R: We've we talked about that a lot, we talked about the rates of girls dropping out of school, rates of child marriage potentially increasing, soaring rates of gender-based violence. The impact on women, it was estimated that gains made over 25 years would be rolled back within 25 weeks. The cutting of aid to countries in conflict zones or in an emergency, cutting water and sanitation programmes in the midst of a pandemic when they are telling us all to wash your hands more. We've been quite vocal about it, but we will double down and do what we can as a small and mighty organisation and advocate for others to come on that journey as well.
D: One more thing that I want to touch on before I ask you the next question, is that you are a trustee of The Reclaim Project here in the UK, can you talk a little bit about that please?

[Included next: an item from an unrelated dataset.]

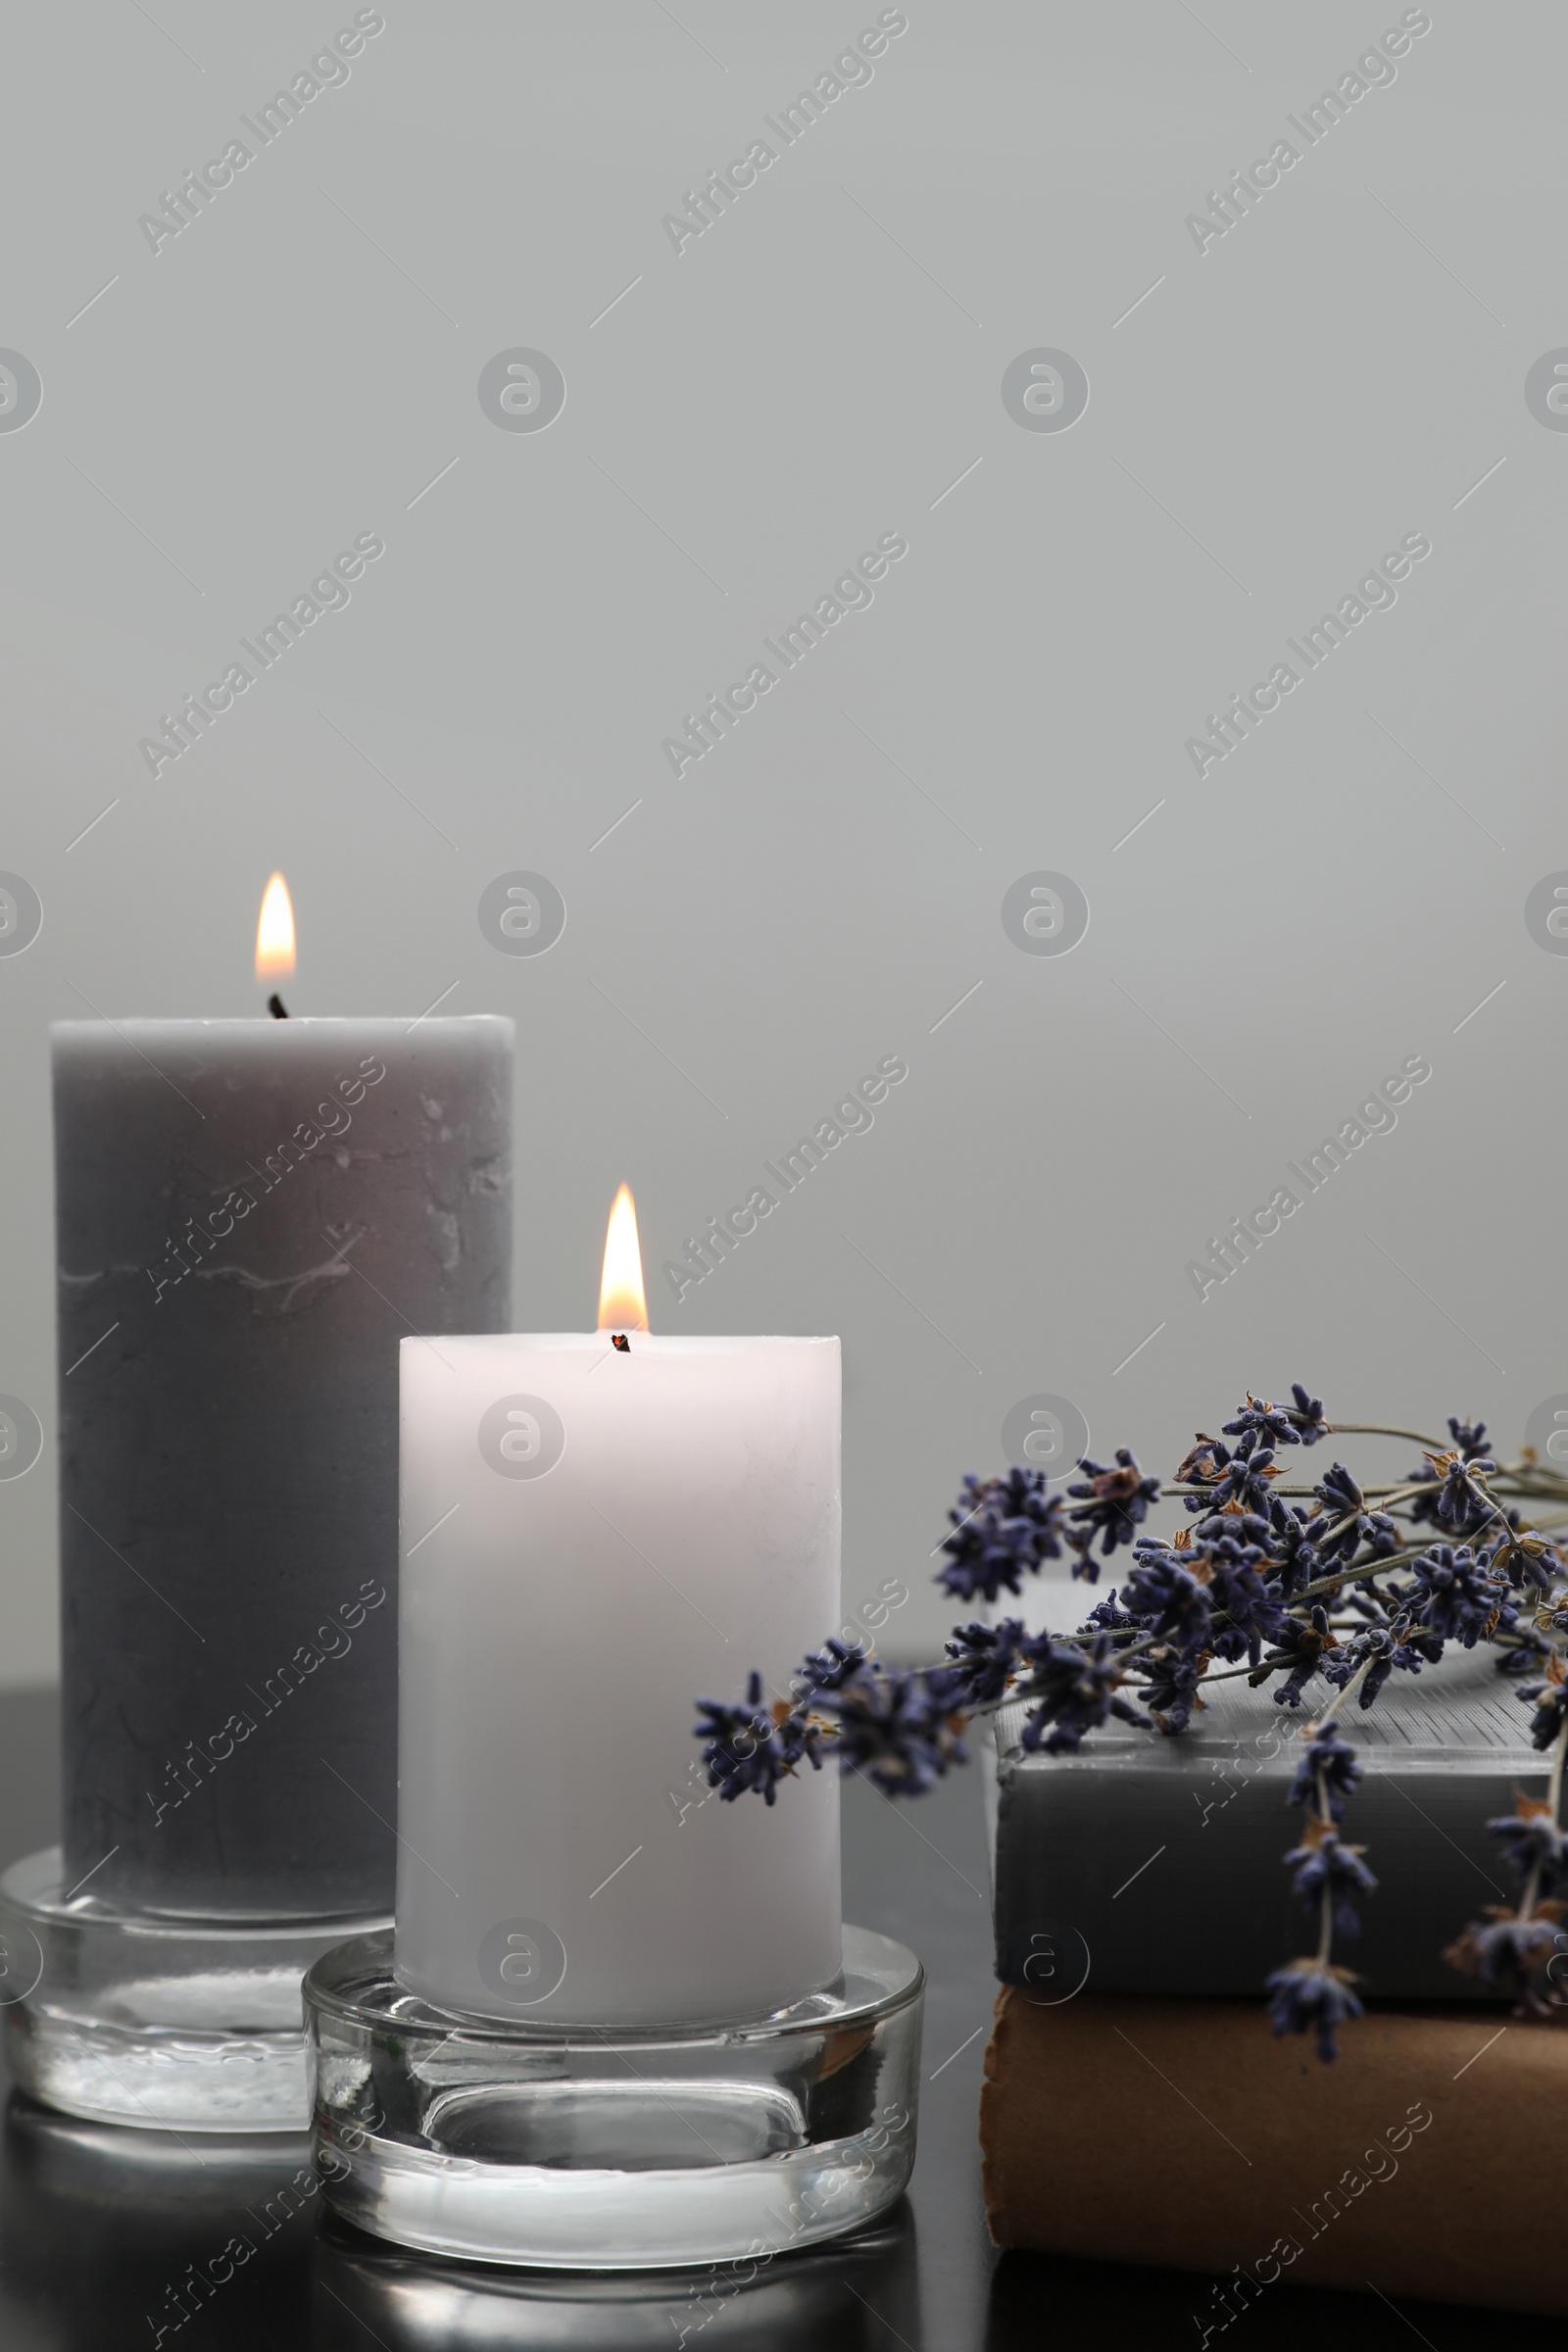 Photo of Wax candles in glass holders near books and lavender flowers on table against light background
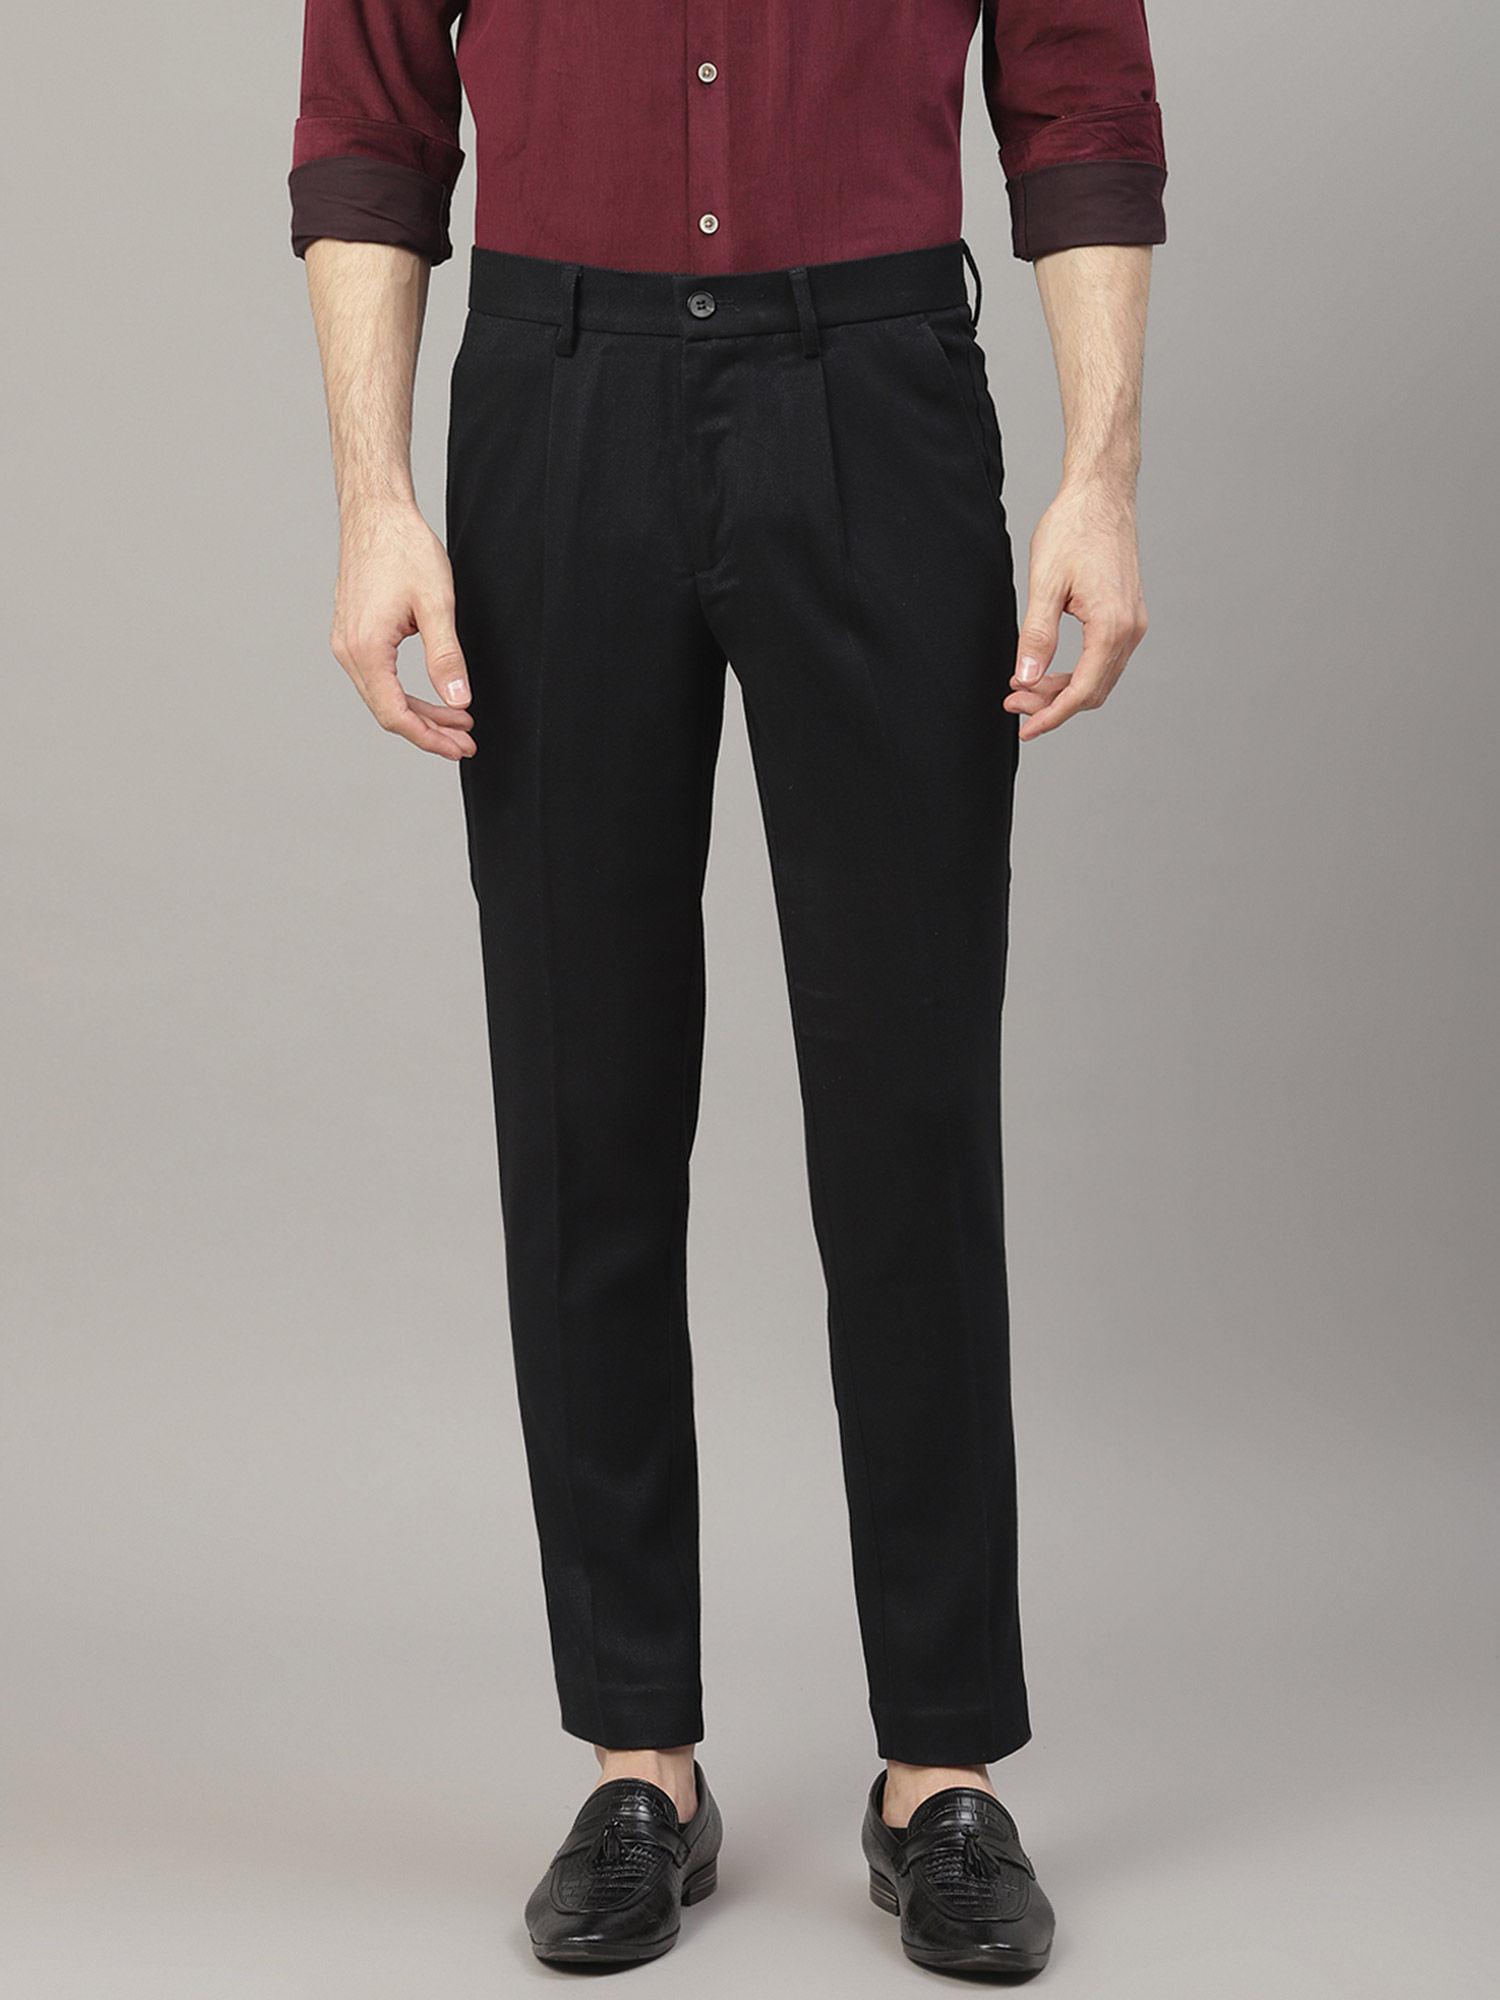 Navy Blue Self Design Trousers

R: I have been a trustee for a year or so now and I'm very, very passionate about (having come from a working class background myself,) empowering the next generation from that background. Reclaim are doing amazing things. Their main focus is around skills and leadership skills to bring that next generation on. I also love building campaigns with these young people for change, bringing them into big movements that might not necessarily have any people from working class backgrounds involved. Whether it's the climate movement or the gender movement. It's been a really tough over the past two years for today's young people and I feel for that generation overall and what they have missing out on. I don't think we're really going to know effects of this for a long time. I feel it builds on from my work at UNICEF, typically around those early childhood years, when you're brains are hard wired. So I'm seeing that through, to these extraordinary young people who are going to be taking on the mantle next. Give them the power now I say.
At The Circle we did an extraordinary project last year with young feminists for International Day of the girl, some young feminists joined one of our panel discussions and wanted to get more involved and whilst we don't have a Youth Circle as yet, we connected them with some of the young women in Uganda. Between them, they came up this brilliant idea of a girls global dance hour. The power of dance is transcending they had an amazing conversation about what it's like to be girl here and in Uganda, the similarities and differences.
D: Introducing them to different kinds of music as well.
R: Yeah and they loved it, you can see that power of the next generation, its extraordinary.
D: Finally, how do you see the future?
R: For The Circle, it is a really exciting time of new strategies, building on global feminism and inviting more women to get involved and come on that journey. I think it's about being vocal and brave about advocating for the changes that need to happen. We are not going to be shy about that.
D: How are we going to be vocal whenever the government here would like to pass a law that means that we can't protest?
R: It's not only the UK, I think our voices can transcend that and bring together a community across nations when we've got that commonality of what women and girls face.